I tell people here that the revenues are not as important as ensuring that the customer understands what they're buying. The revenues will follow.

Q.: How do you restrain your salespeople in the branches?

BOTTORFF: You go back and inspect all the tickets. You do all these suitability tests. There are checks and balances after the fact to determine whether or not you had proper disclosure to the customer. We say we have to be perfect on those. So if you have a bad audit, there are going to be consequences to that.

Q.: What are the consequences?

BOTTORFF: I think the management of that operation thinks the consequences are that they probably won't be in charge of that operation anymore. I haven't said that to them that directly. But I think if you went and asked them, they'd say, I'd better not mess this thing up.

While the broker has the responsibility, where we're really making accountability is the management of the operation. They know their brokers had better not mess up.

Q.: Do your salespeople have incentive to favor your proprietary funds?

BOTTORFF: No. The trust area, where the proprietary funds are managed, would love for us to encourage the sales force to give some preference to their product.

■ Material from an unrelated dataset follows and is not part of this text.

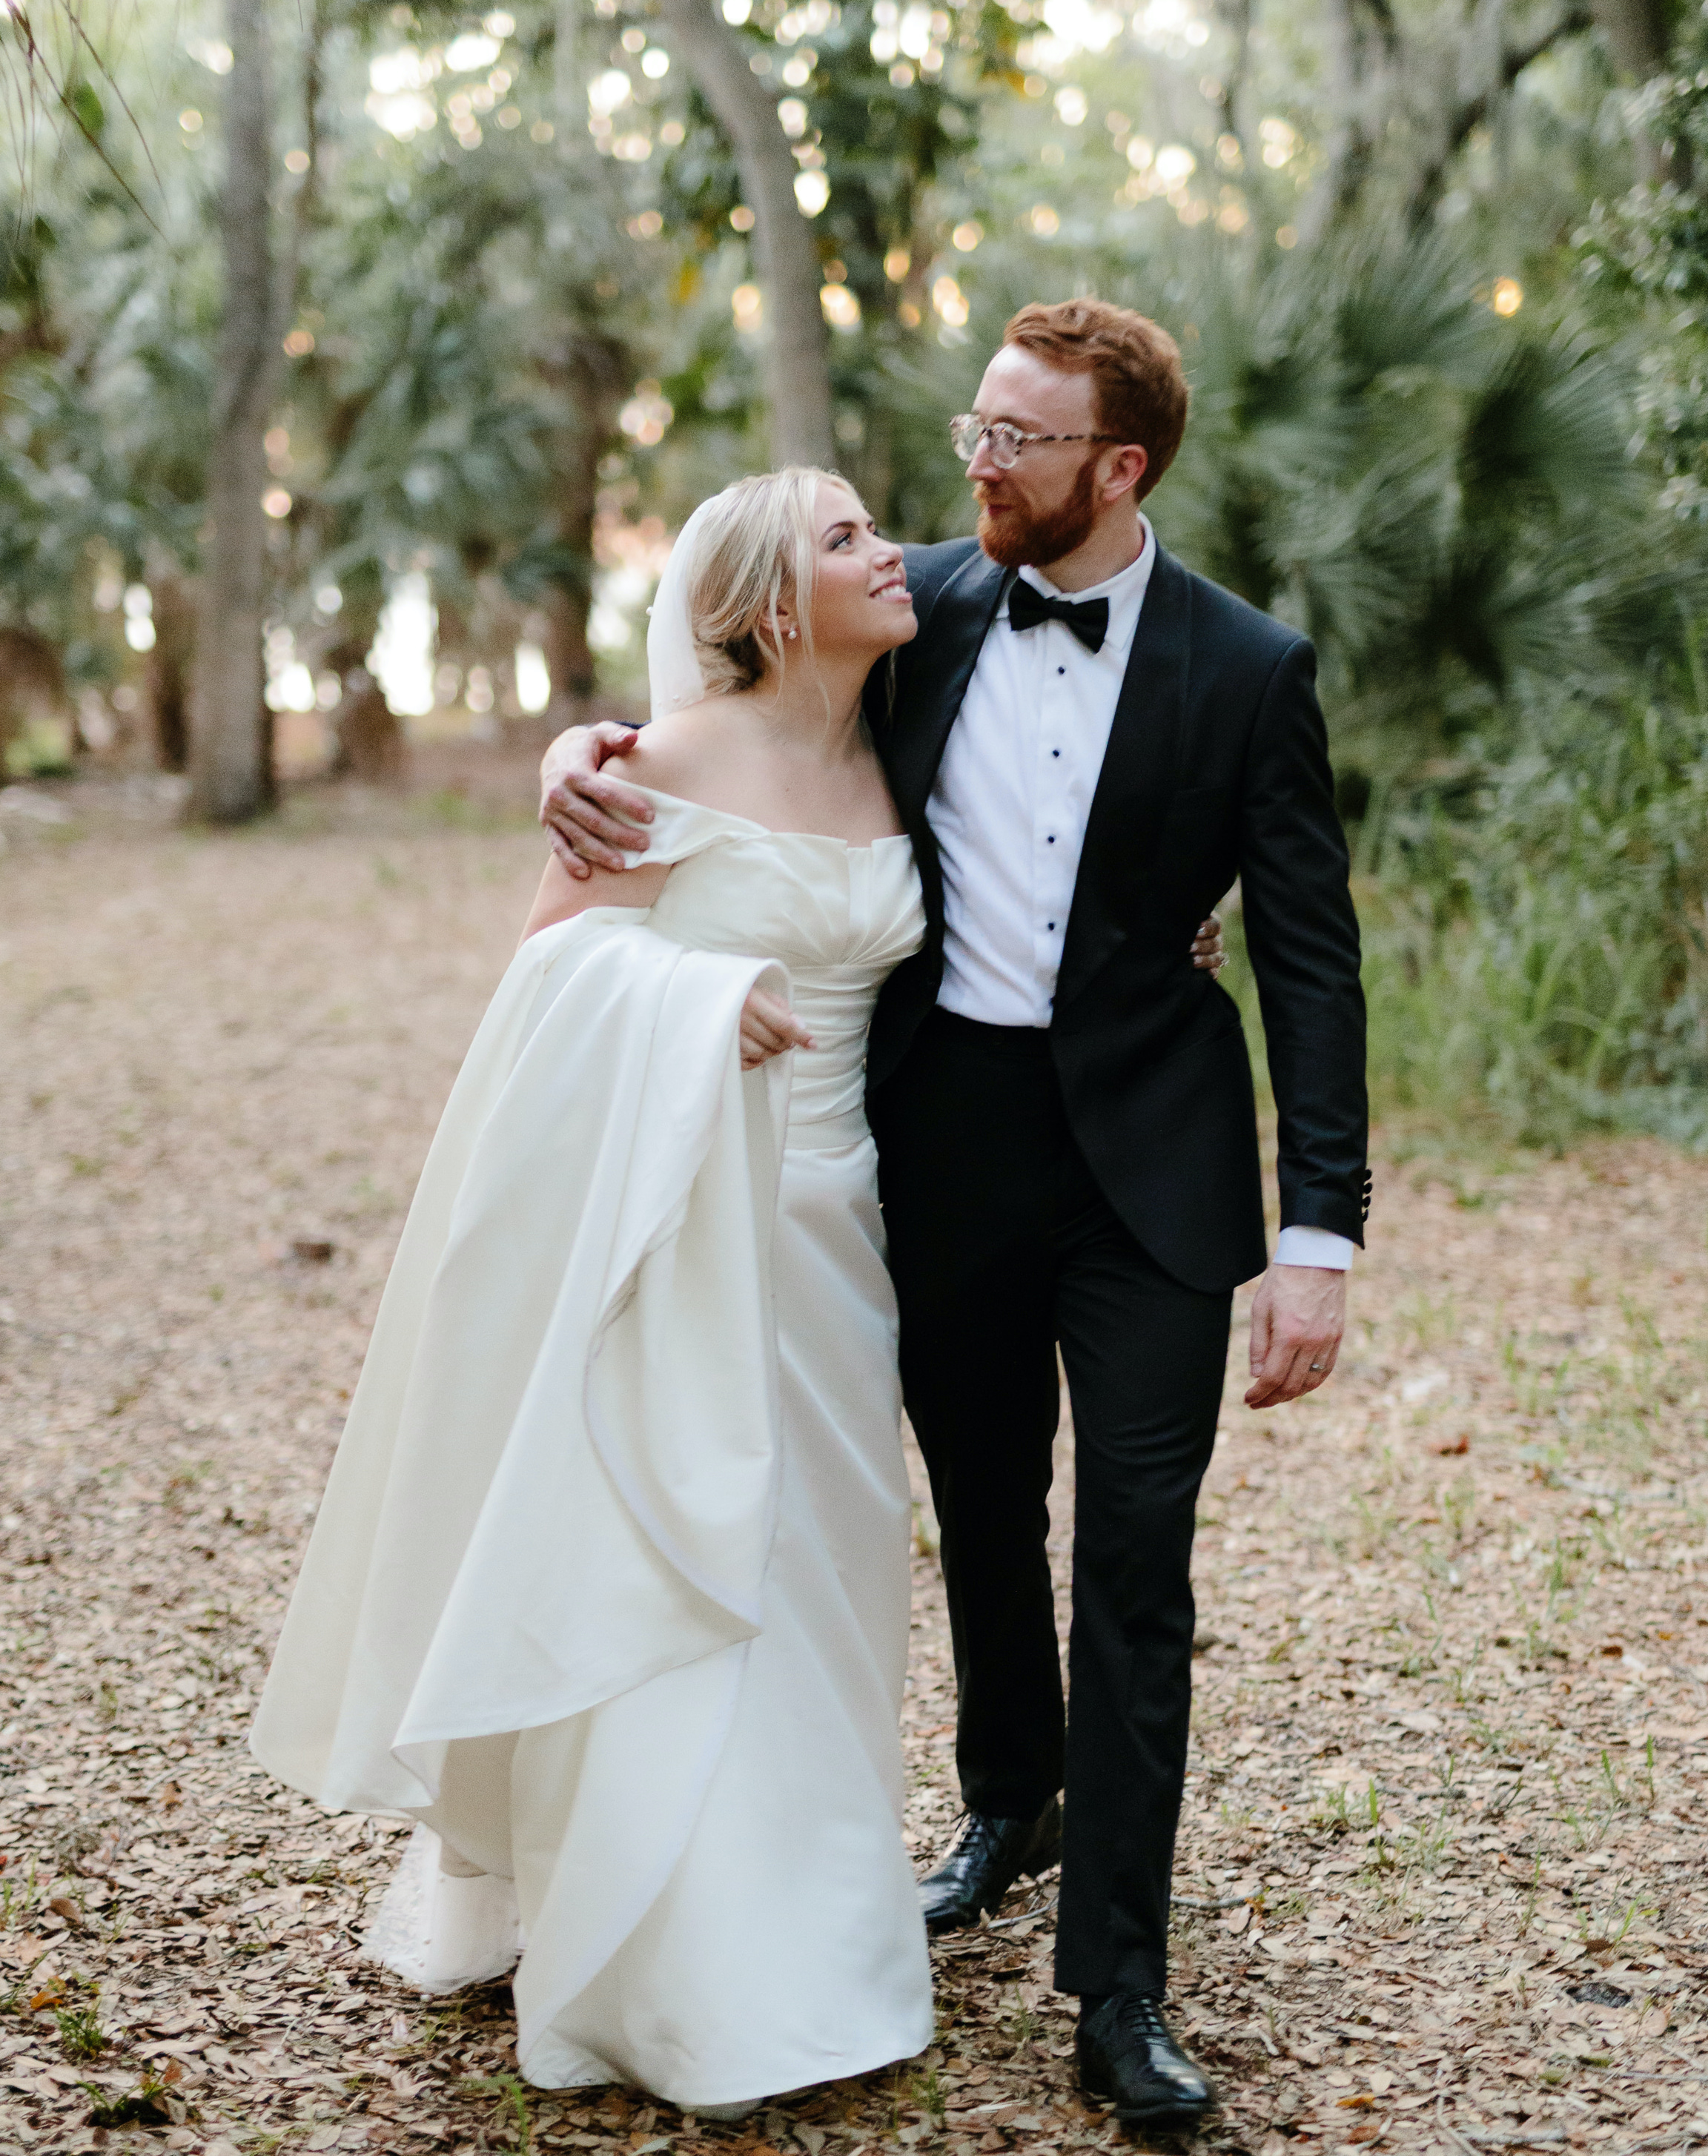 A bride and groom walk together in the woods after their intimate alfresco summer wedding in Sarasota, FL.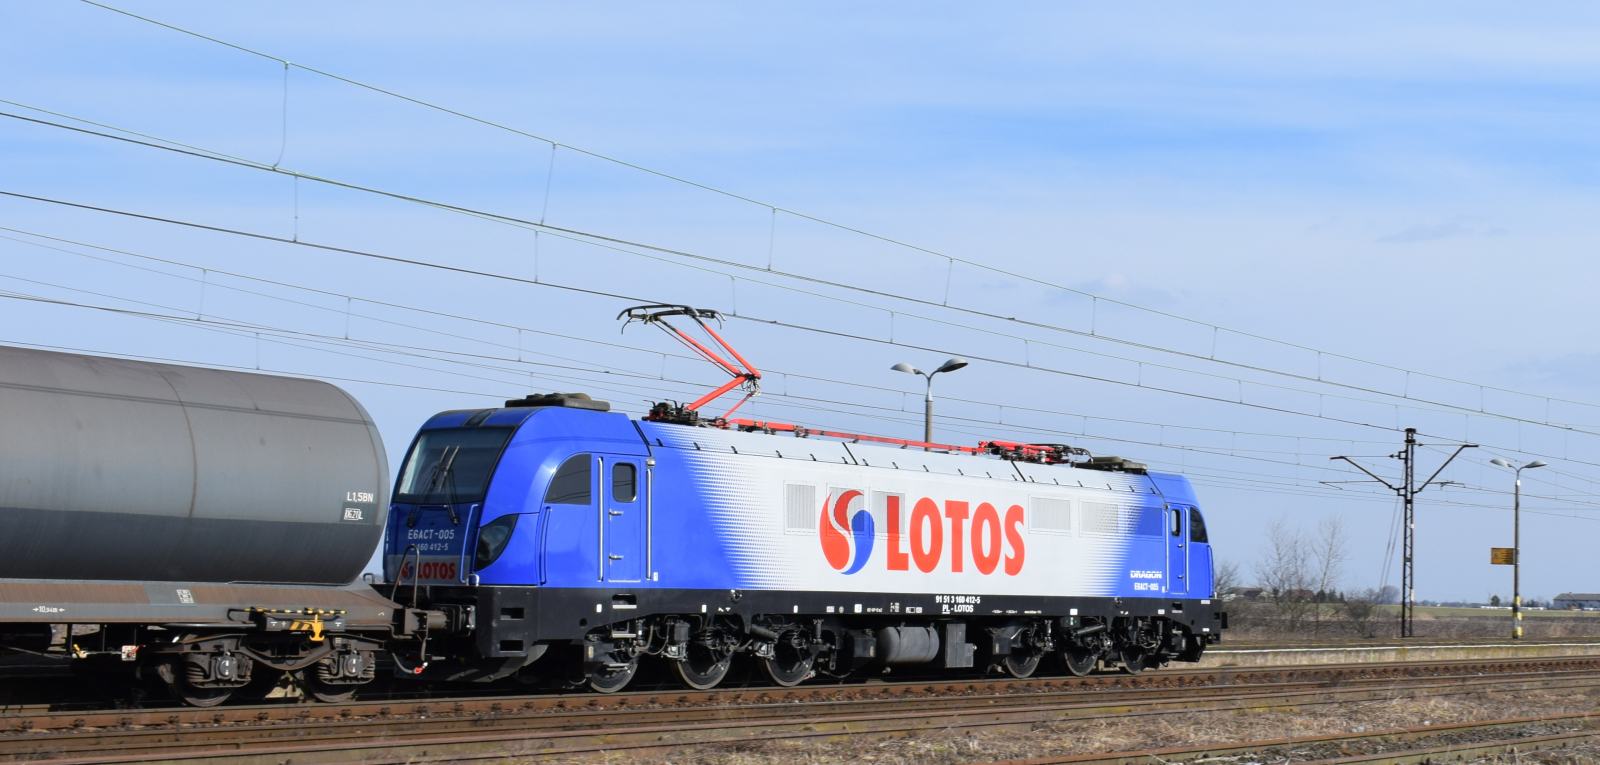 Lotos Kolej E6ACT-005 in March 2018 with a tank train

What we have said to the trust department is you have to compete through performance.

The customer is going to be better off if you're forced to compete against all other product lines. So if you can't compete your funds won't be successful.

The trust department hasn't been particularly excited about that because they would love a proprietary sales force.

Q.: What's the outlook for bank acquisitions in Tennessee, given the movement toward national interstate banking?

BOTTORFF: If you look at market opportunities, Tennessee is a good market, but it's not a great market. There are other markets that are more rapidly growing with larger institutions. When you get to be $50 billion in assets, if you can buy a $15 billion institution in Washington, D.C., that is better than buying a $5 billion institution in Tennessee.

The next round [of acquisitions] is going to be $15 billion to $30 billion banks. If you take a $7 billion institution like us and a $165 billion institution like NationsBank - we're peanuts to them.